Das ABVD*-Regime setzte in der vergangenen Dekade hohe Maßstäbe bei der Behandlung von Betroffenen mit fortgeschrittenem klassischem Hodgkin-Lymphom. Obwohl es mehrere Ansätze gab, um Verträglichkeit und Krankheitskontrolle zu verbessern, konnte keiner einen bedeutsamen OS-Vorteil gegenüber ABVD erzielen.

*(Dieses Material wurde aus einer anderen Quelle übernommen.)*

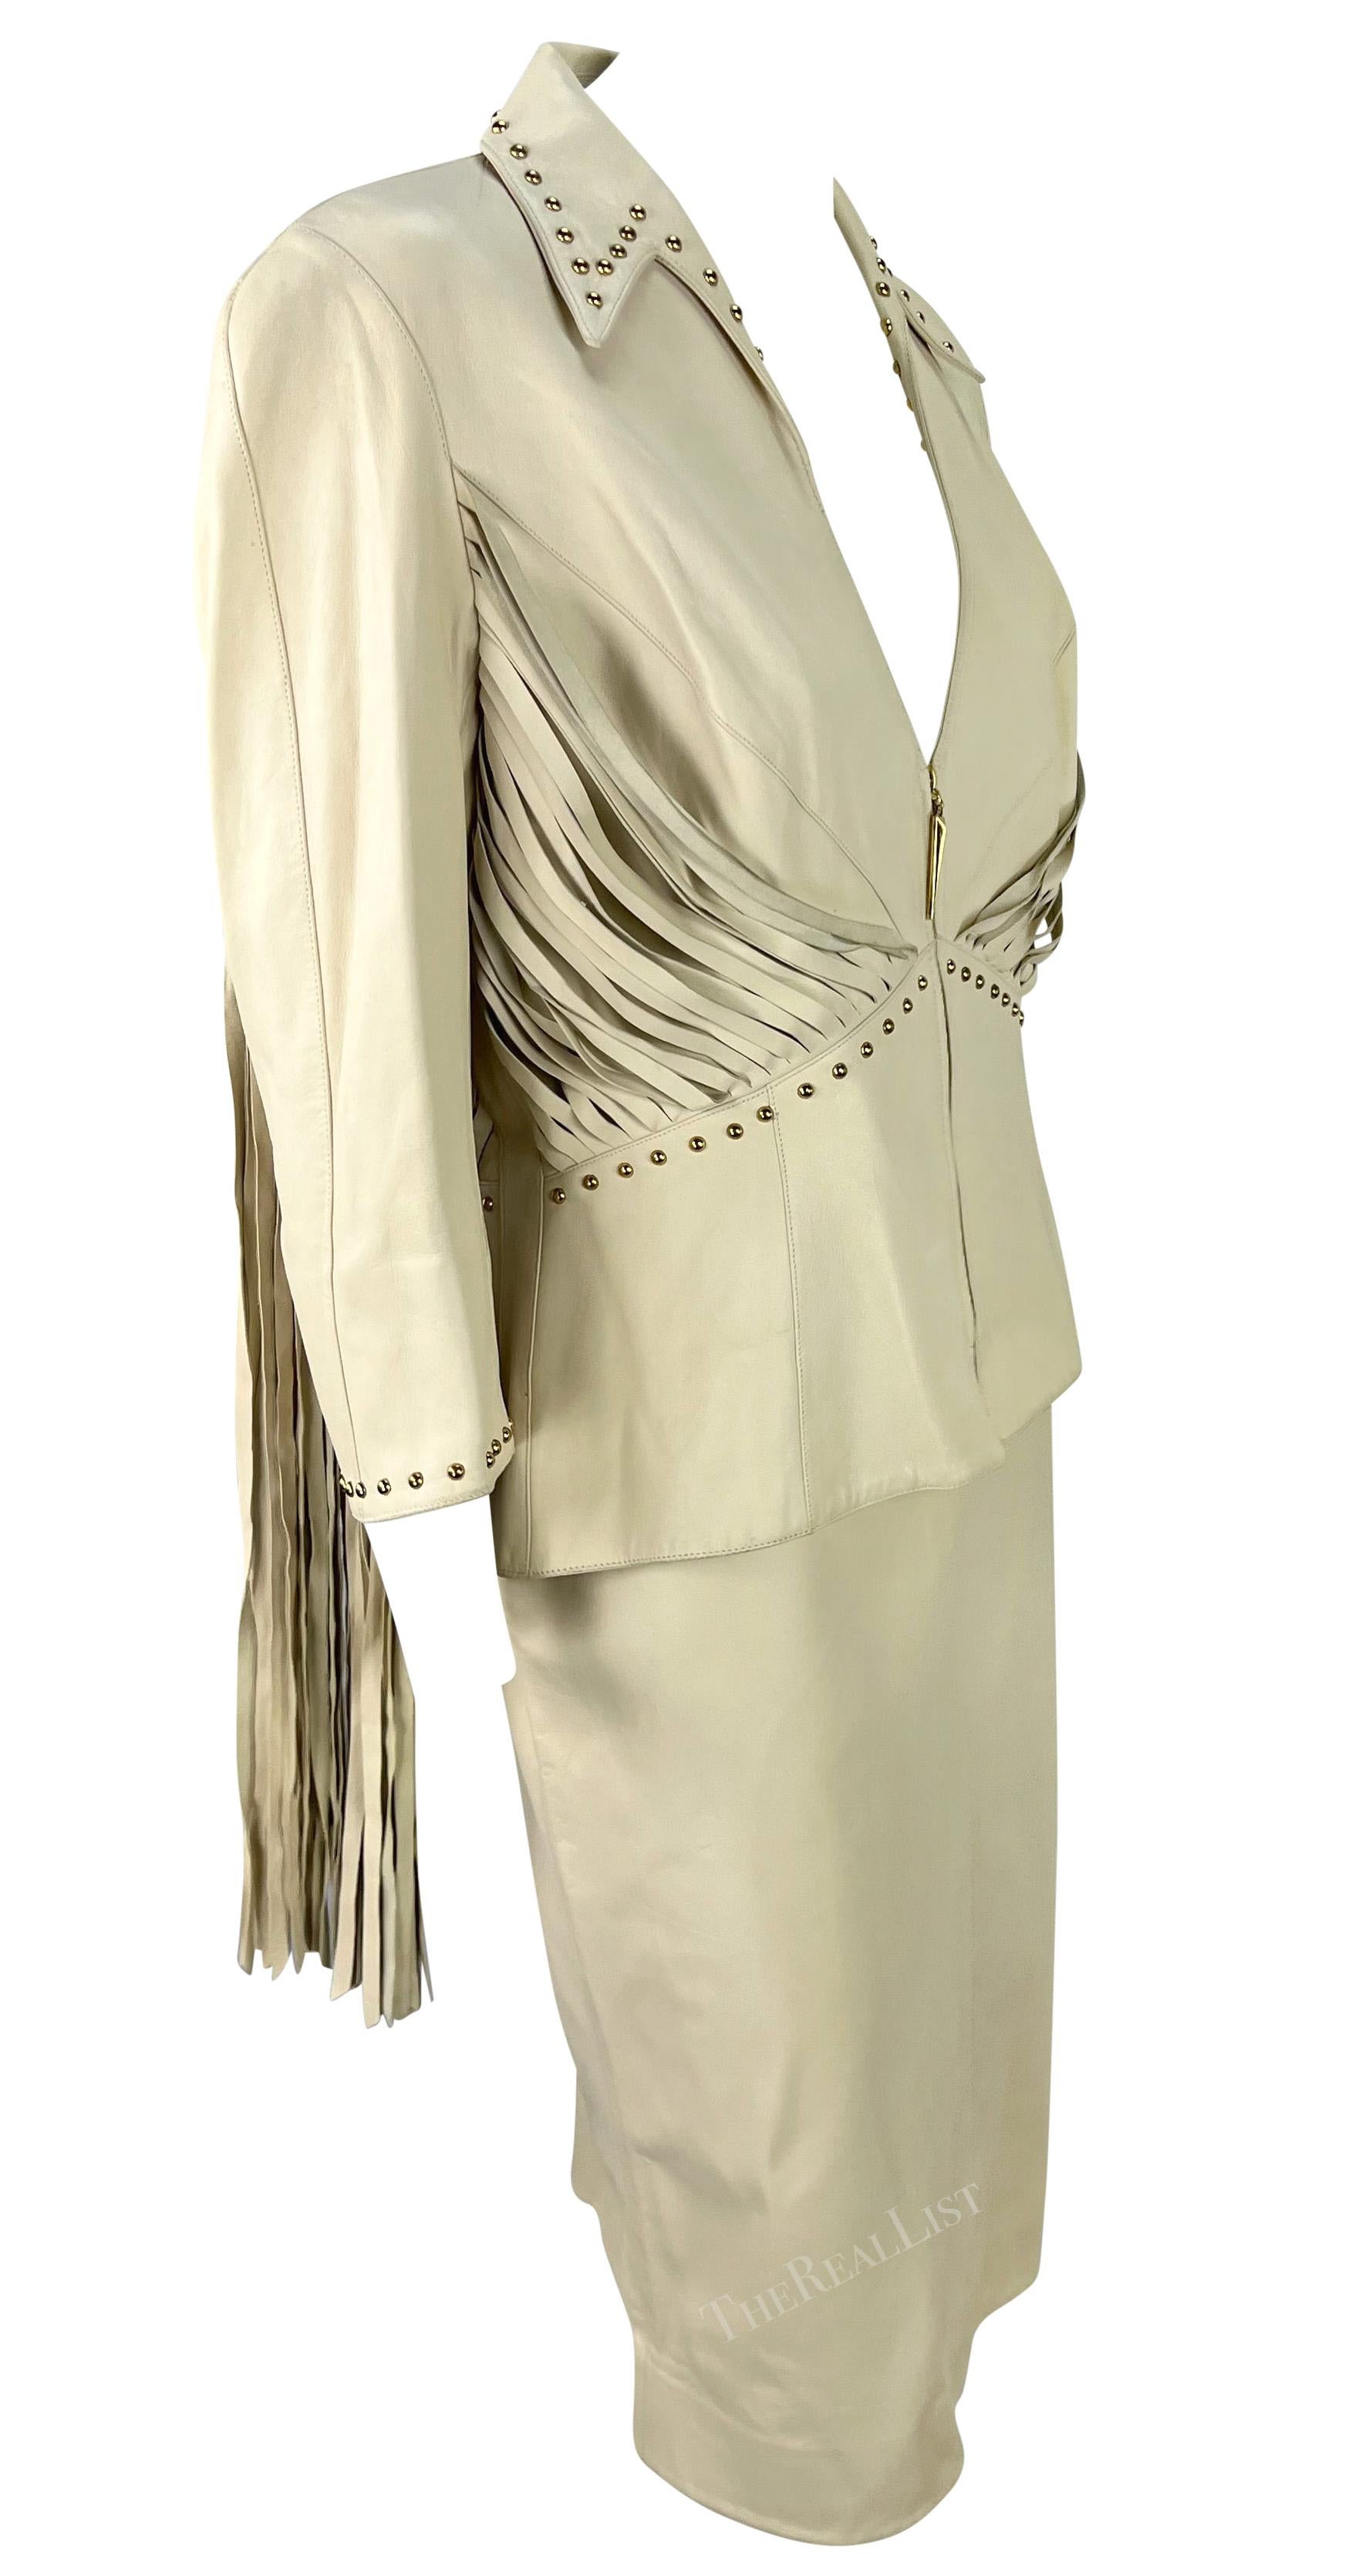 Early 2000s Thierry Mugler Couture Studded Beige Leather Fringe Skirt Suit For Sale 1
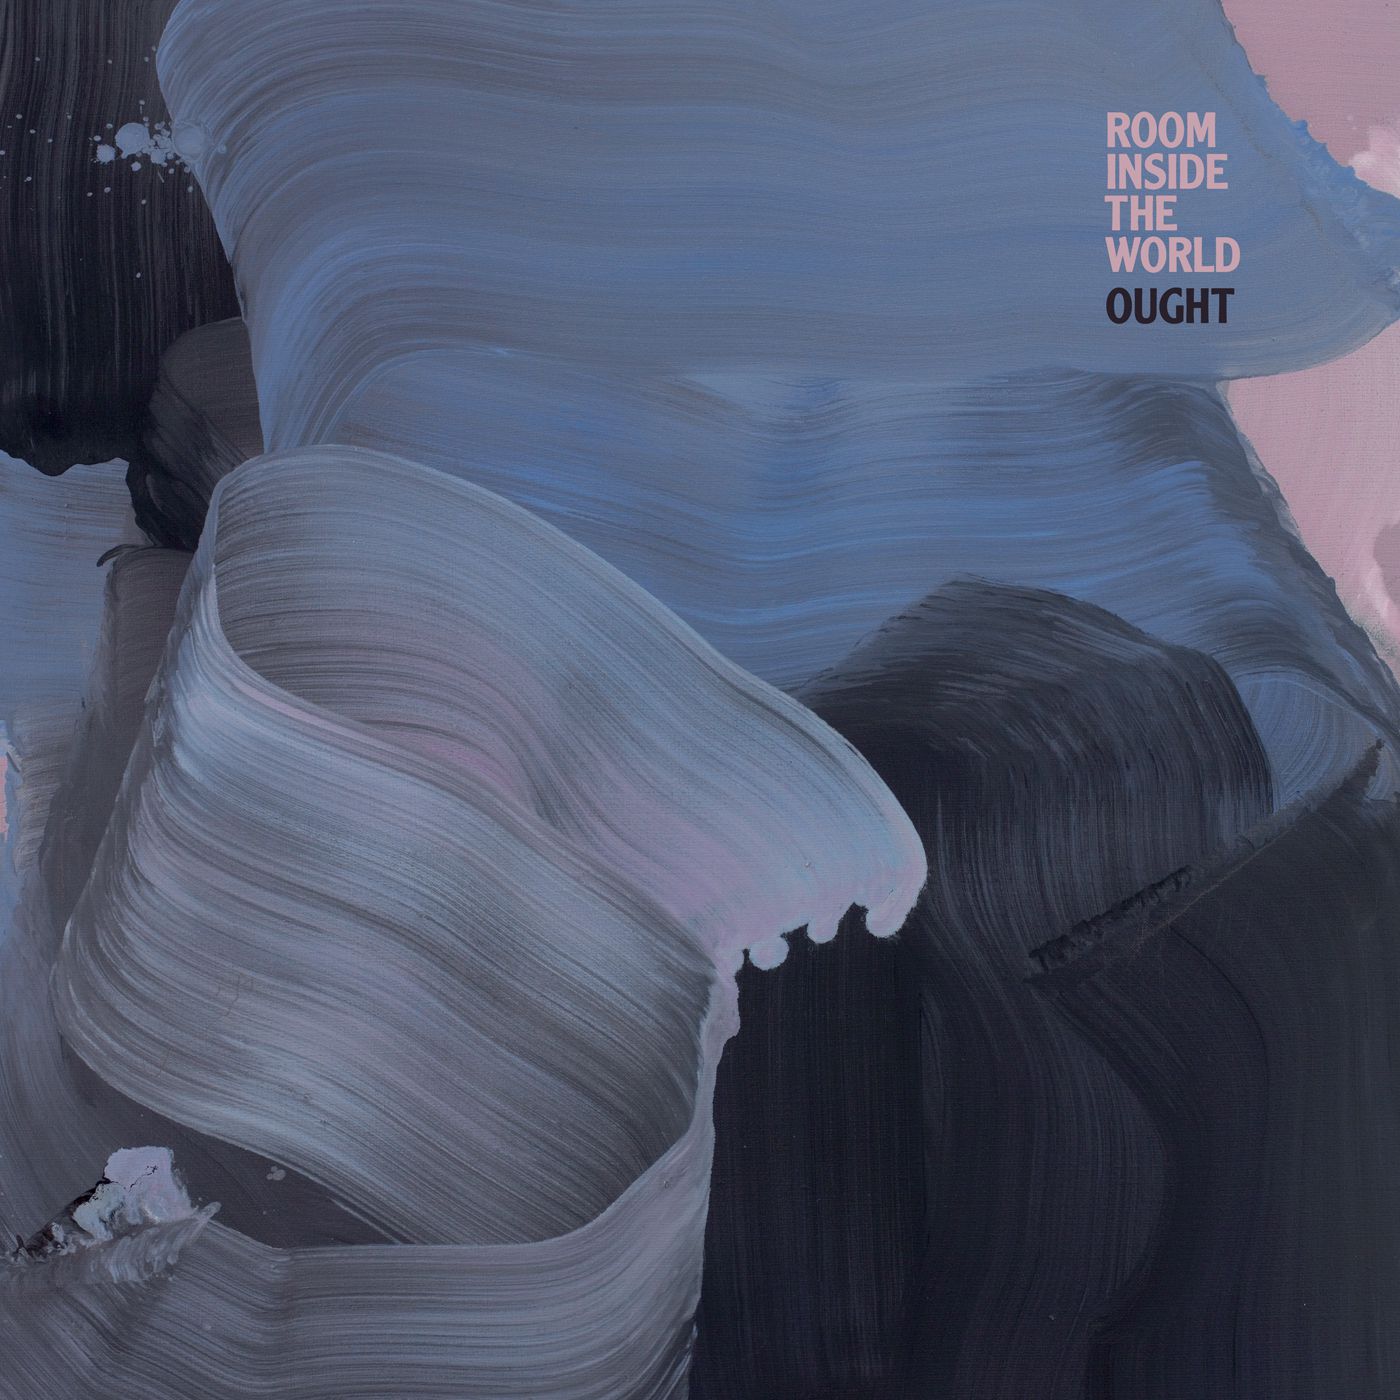 608 ought roominsidetheworld 1400 Ought announce new album, Room Inside the World, reveal These 3 Things video: Watch

Forschende prüften kürzlich in der ECHELON-1-Studie eine Erstlinientherapie aus Brentuximab-Vedotin, Doxorubicin, Vinblastin und Dacarbazin (A+AVD), die auch nach fünf Jahren Follow-up den Erkrankten im Stadium III/IV einen signifikanten PFS-Benefit im Vergleich zu ABVD brachte. Die Toxizitäten unter A+AVD waren zudem handhabbar und es traten numerisch weniger sekundäre Malignitäten auf.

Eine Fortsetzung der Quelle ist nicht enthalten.